KI und Machine Learning
Eine kleine Geschichte der Künstlichen Intelligenz
In den letzten Jahren wurden in der Computerwissenschaft und KI unglaubliche Fortschritte erzielt. Watson, Siri oder Deep Learning zeigen, dass KI-Systeme inzwischen Leistungen vollbringen, die als intelligent und kreativ eingestuft werden müssen. Und es gibt heute immer weniger Unternehmen, die auf Künstliche Intelligenz verzichten können, wenn sie ihr Business optimieren oder Kosten sparen möchten.
KI-Systeme sind zweifellos sehr nützlich. In dem Maße wie die Welt komplexer wird, müssen wir unsere menschlichen Ressourcen klug nutzen, und qualitativ hochwertige Computersysteme helfen dabei. Dies gilt auch für Anwendungen, die Intelligenz erfordern. Die andere Seite der KI-Medaille ist: Die Möglichkeit, dass eine Maschine Intelligenz besitzen könnte, erschreckt viele. Die meisten Menschen sind der Ansicht, dass Intelligenz etwas einzigartiges ist, was den Homo sapiens auszeichnet. Wenn Intelligenz aber mechanisiert werden kann, was ist dann noch einzigartig am Menschen und was unterscheidet ihn von der Maschine?
Das Streben nach einer künstlichen Kopie des Menschen und der damit verbundene Fragenkomplex sind nicht neu. Die Reproduktion und Imitation des Denkens beschäftigte schon unsere Vorfahren. Vom 16. Jahrhundert an wimmelte es in Legenden und in der Realität von künstlichen Geschöpfen. Homunculi, mechanische Automaten, der Golem, der Mälzel'sche Schachautomat oder Frankenstein waren in den vergangenen Jahrhunderten alles phantasievolle oder reale Versuche, künstlich Intelligenzen herzustellen - und das zu nachzuahmen, was uns Wesentlich ist.

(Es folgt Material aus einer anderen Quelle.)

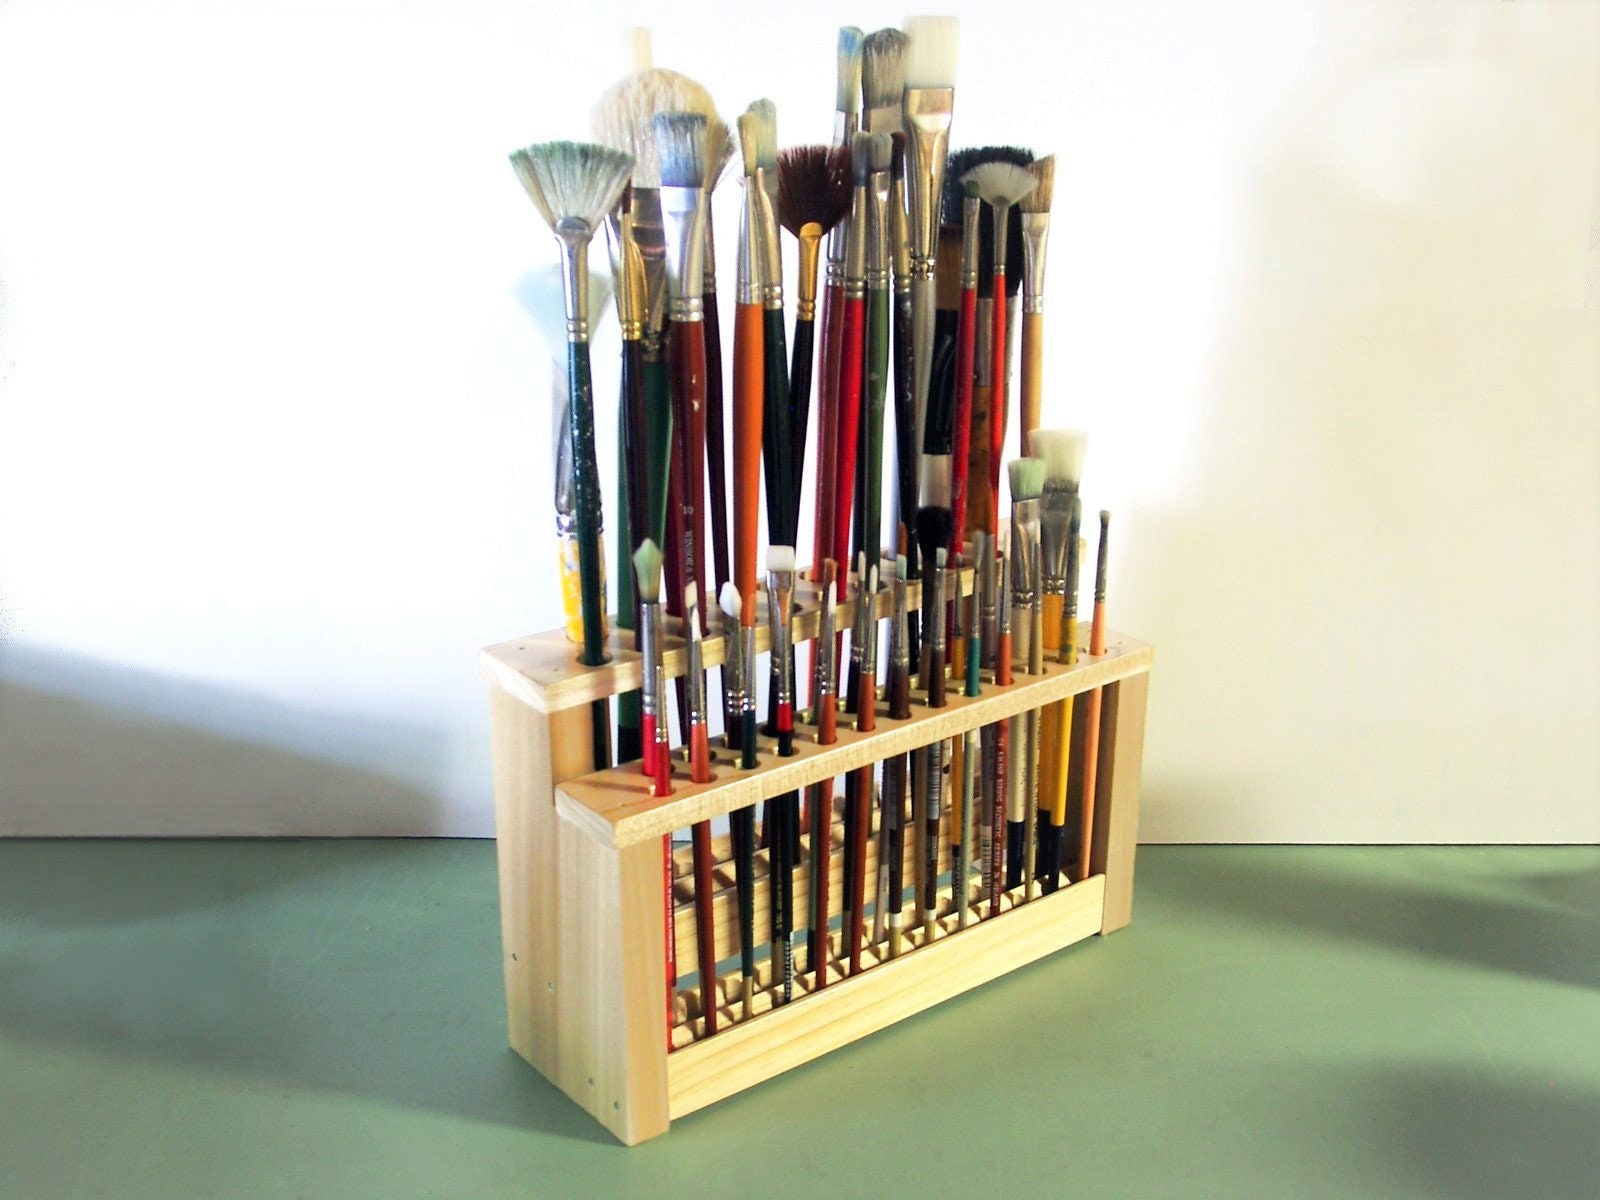 Artist Paint Brush Holder, Paint Brush Organizer, 67 Holes Wooden Paint Brush Holder Stand, Desk Watercolor Brush Organizer, Desk Paintbrush Holding

Künstliche Intelligenz - die Vorarbeiten
Allein, es fehlten die formalen und materiellen Möglichkeiten, in denen sich Intelligenz realisieren konnte. Dazu sind zumindest zwei Dinge notwendig. Auf der einen Seite braucht es eine formale Sprache, in die sich kognitive Prozesse abbilden lassen und in der sich rein formal - zum Beispiel durch Regelanwendungen - neues Wissen generieren lässt. Ein solcher formaler Apparat zeichnete sich Ende des 19. Jahrhunderts mit der Logik ab.
Die Philosophen und Mathematiker Gottfried Wilhelm Leibniz, George Boole und Gottlob Frege haben die alte aristotelische Logik entscheidend weiterentwickelt, und in den 30er Jahren des letzten Jahrhunderts zeigte der Österreicher Kurt Gödel mit dem Vollständigkeitssatz die Möglichkeiten - und mit den Unvollständigkeitssätzen die Grenzen - der Logik auf.
Auf der anderen Seite war - analog dem menschlichen Gehirn - ein "Behältnis" oder Medium notwendig, in dem dieser Formalismus "ablaufen" konnte und in dem sich die künstliche Intelligenz realisieren lässt. Mechanische Apparate waren hierfür nicht geeignet, erst mit der Erfindung der Rechenmaschine eröffnete sich eine aussichtsreiche Möglichkeit. In den dreißiger Jahren des 20. Jahrhunderts wurde die Idee einer Rechenmaschine, die früher schon Blaise Pascal und Charles Babbage hatten, wiederbelebt. Während Pascal und Babbage lediglich am Rechner als Zahlenmaschine interessiert waren, die praktischen Zwecken dienen sollte, entstanden zu Beginn des 20. Jahrhunderts konkrete Visionen einer universellen Rechenmaschine.
Einer der wichtigsten Visionäre und Theoretiker war Alan Turing (1912-1954): 1936 bewies der britische Mathematiker, dass eine universelle Rechenmaschine - heute als Turing-Maschine bekannt - möglich ist. Turings zentrale Erkenntnis ist: Eine solche Maschine ist fähig, jedes Problem zu lösen, sofern es durch einen Algorithmus darstellbar und lösbar ist. Übertragen auf menschliche Intelligenz bedeutet das: Sind kognitive Prozesse algorithmisierbar - also in endliche wohldefinierte Einzelschritte zerlegbar - können diese auf einer Maschine ausgeführt werden. Ein paar Jahrzehnte später wurden dann tatsächlich die ersten praktisch verwendbaren Digitalcomputer gebaut. Damit war die "physische Trägersubstanz" für künstliche Intelligenz verfügbar.